Стенли Фриленд, приехавший из Бекета, загородного дома, расположенного недалеко от его завода сельскохозяйственных машин в Вустершире, постоял минутку на тротуаре, разминая длинные ноги и давая распоряжения шоферу. Его дважды задержали во время пути, хотя они ни разу не превысили скорости - так он, во всяком случае, считал и был все еще рассержен. Ведь он принципиально всегда соблюдает умеренность - и в езде и во всем остальном. В эту минуту он особенно остро чувствовал, что страна переживает тяжелые времена, ее разъедают бюрократические порядки с их идиотскими ограничениями в скорости езды и в свободе граждан, а также все эти передовые идейки новоявленных писак и умников, вечно болтающих о правах и страданиях бедноты. Нет, и то и другое явно мешает прогрессу. Пока он стоял на тротуаре, его так и подмывало выложить Джону напрямик все, что он думает по поводу посягательств на свободу личности; да он не постесняется задать перцу и братцу Феликсу за все его возмутительные теории и постоянные насмешки над высшими классами, предпринимателями и всем прочим. Если бы он хотя бы мог что-нибудь этому противопоставить! Капитал и те, кто им владеет, - становой хребет нашей страны или, по крайней мере, того, что от нее оставили эти проклятые чинуши и эстеты! И, нахмурив прямые брови над прямым разрезом серых глаз, прямым, коротко обрубленным носом, еще короче обстриженными усами и тупым подбородком, он все же решил ничего не говорить, не желая давать воли даже собственному гневу.

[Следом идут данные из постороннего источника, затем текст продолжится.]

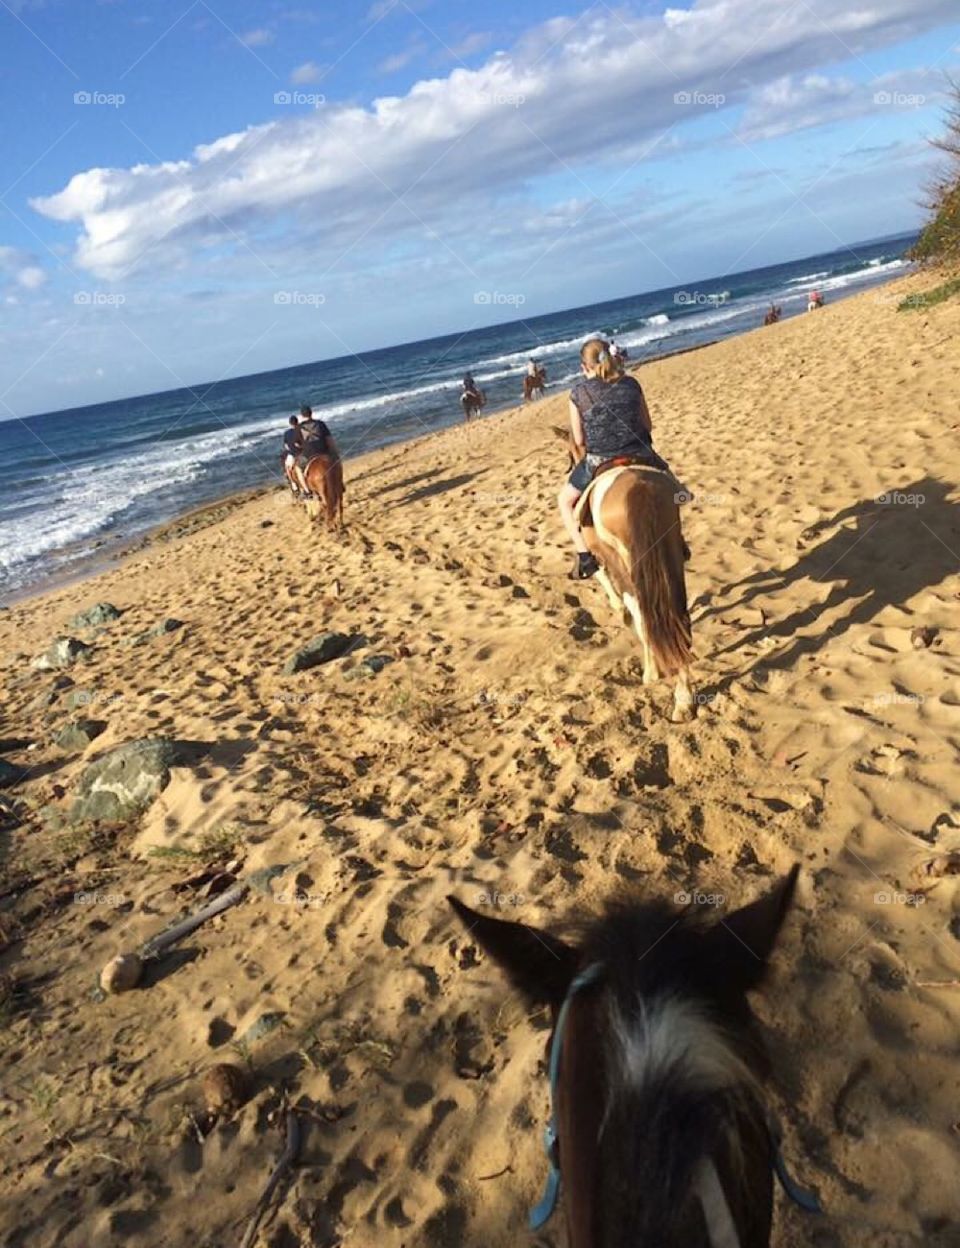 View from the back. Horseback riding on the beach in Rincon, Puerto Rico.

Тут, заметив приближение Феликса - в белом цилиндре, черт побери! - он направился к дверям - высокий, широкоплечий, представительный - и позвонил.
ГЛАВА II
- Так что же происходит у Тода?
Феликс чуть-чуть подвинулся на стуле, с любопытством глядя на Стенли, который приготовился взять слово.
- Дело, конечно, в его жене. Все было ничего, пока она только пописывала, разглагольствовала и занималась этим своим Земледельческим Обществом или как его там называли - на днях оно испустило дух, - но теперь она и эти двое ребят впутались в наши местные свары, и я считаю, что с Тодом надо поговорить!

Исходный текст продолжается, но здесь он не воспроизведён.